Doskozil versteht Aufregung um Treffen mit Kurz nicht

Der burgenländische Landeshauptmann Hans Peter Doskozil (SPÖ) sieht in seinem Treffen mit Kanzler Sebastian Kurz (ÖVP) am Mittwochabend nichts Außergewöhnliches. “Ich verstehe die Aufgeregtheit nicht”, meinte Doskozil angesichts der entsprechenden Medienberichte über vom Kanzleramt veröffentlichte Fotos des Treffens.

Beide Politiker waren am Mittwochnachmittag im Kanzleramt zusammengetroffen und hatten danach via Social Media von einem “guten Austausch” berichtet. Angesichts der jüngsten SP-internen Spannungen um die “Sicherungshaft” war das Treffen von einigen Medien als Provokation gewertet worden – zumal das Kanzleramt mehrere Fotos vom Zusammentreffen veröffentlichte.

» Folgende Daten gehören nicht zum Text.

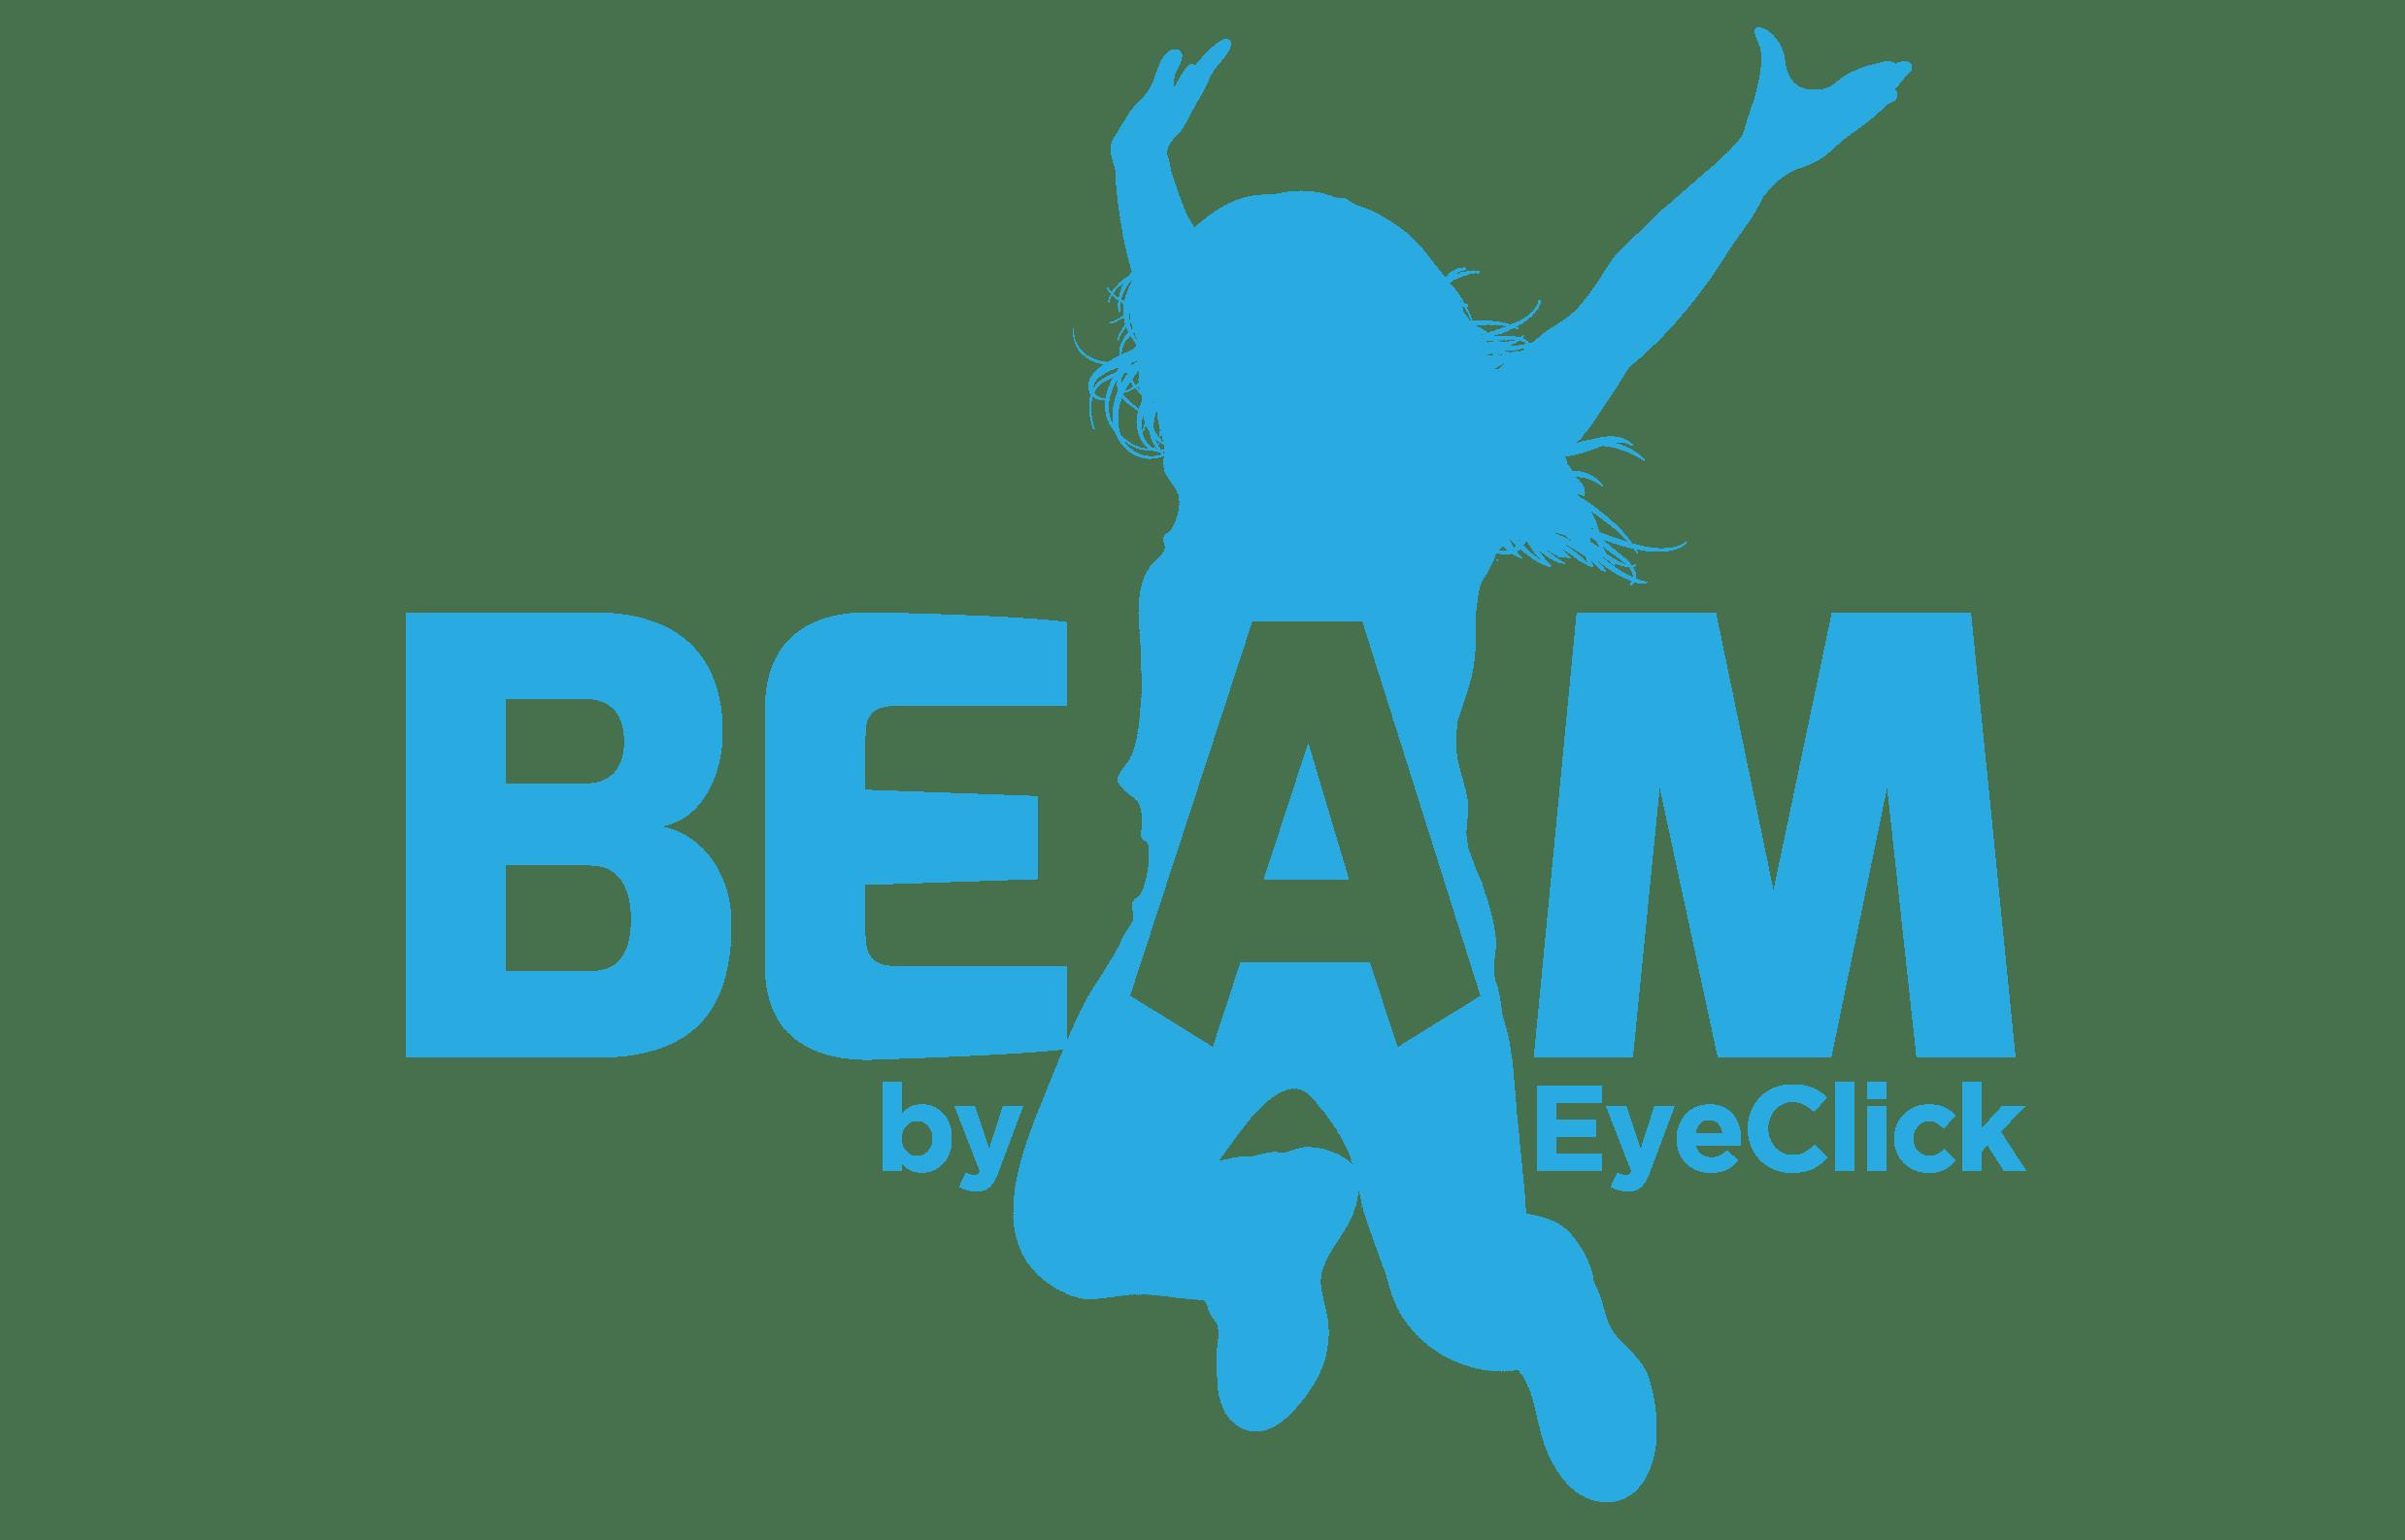 BEAM logo eyeclick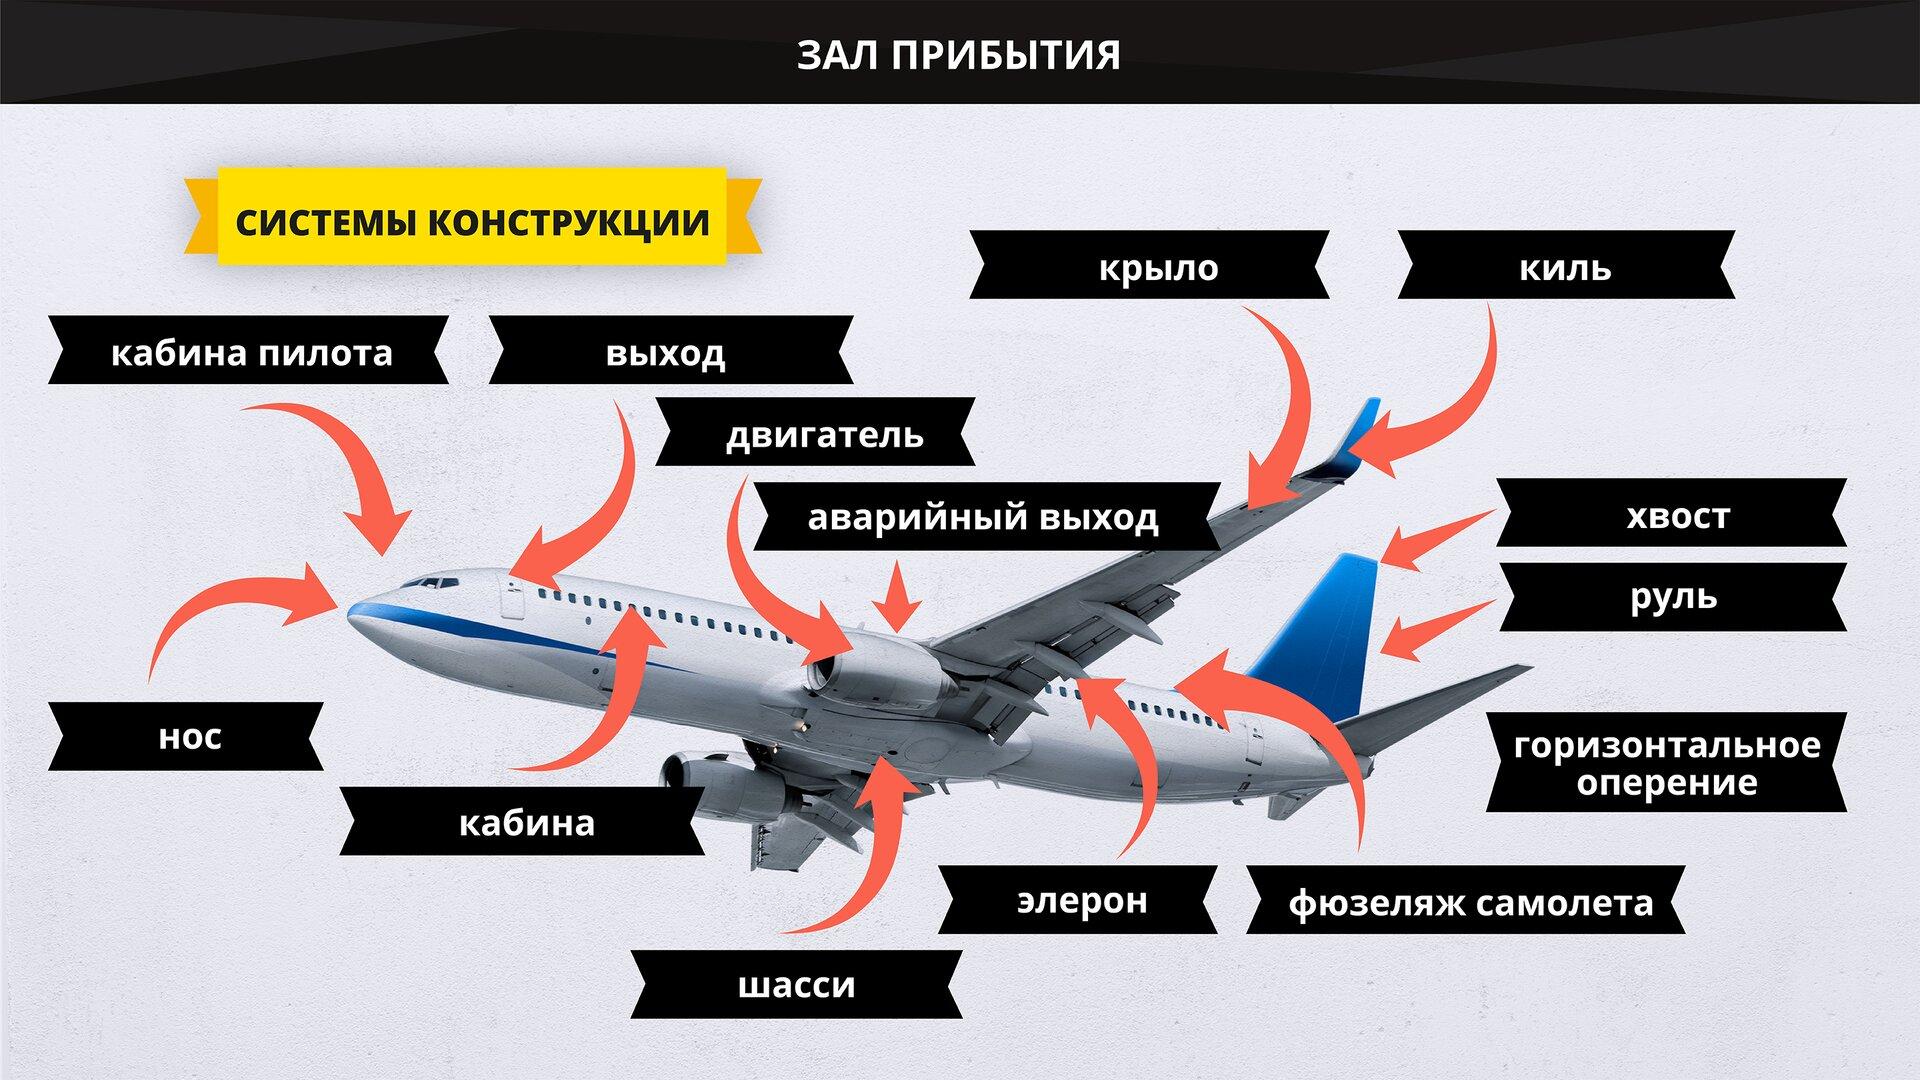 На изображении представлены элементы конструкции самолета. Grafika przedstawia główne zespoły konstrukcyjne samolotu.

Doskozil konnte das nach seinem Auftritt im Eurofighter-Untersuchungsausschuss nicht nachvollziehen, wie er meinte: “Wenn das nicht erlaubt ist und großartig thematisiert wird, dann passt irgendwas nicht.” Es müsse natürlich erlaubt sein, dass sich Politiker kennen und ein Gespräch führen. Schließlich gebe es immer wieder Berührungspunkte. “Ich habe auch mit anderen Regierungsvertretern auf Bundesebene Gespräche geführt, auch mit dem Vizekanzler”, so der Landeshauptmann, der im Burgenland in einer Koalition mit der FPÖ regiert.

Das Treffen sei schon länger geplant gewesen, sagte ein Sprecher Doskozils am Donnerstag zur APA. Hauptthema beim Antrittsbesuch des frisch gekürten Landeshauptmanns sei die Jubiläumsgabe des Bundes zur Hundertjahrfeier des Burgenlands gewesen. Daneben sei es in dem rund 45 Minuten langen Gespräch aber auch um aktuelle Thema wie die Sicherungshaft und die Mindestsicherung gegangen sowie darum, wie die Bund-Länder-Beziehung verbessert werden könne.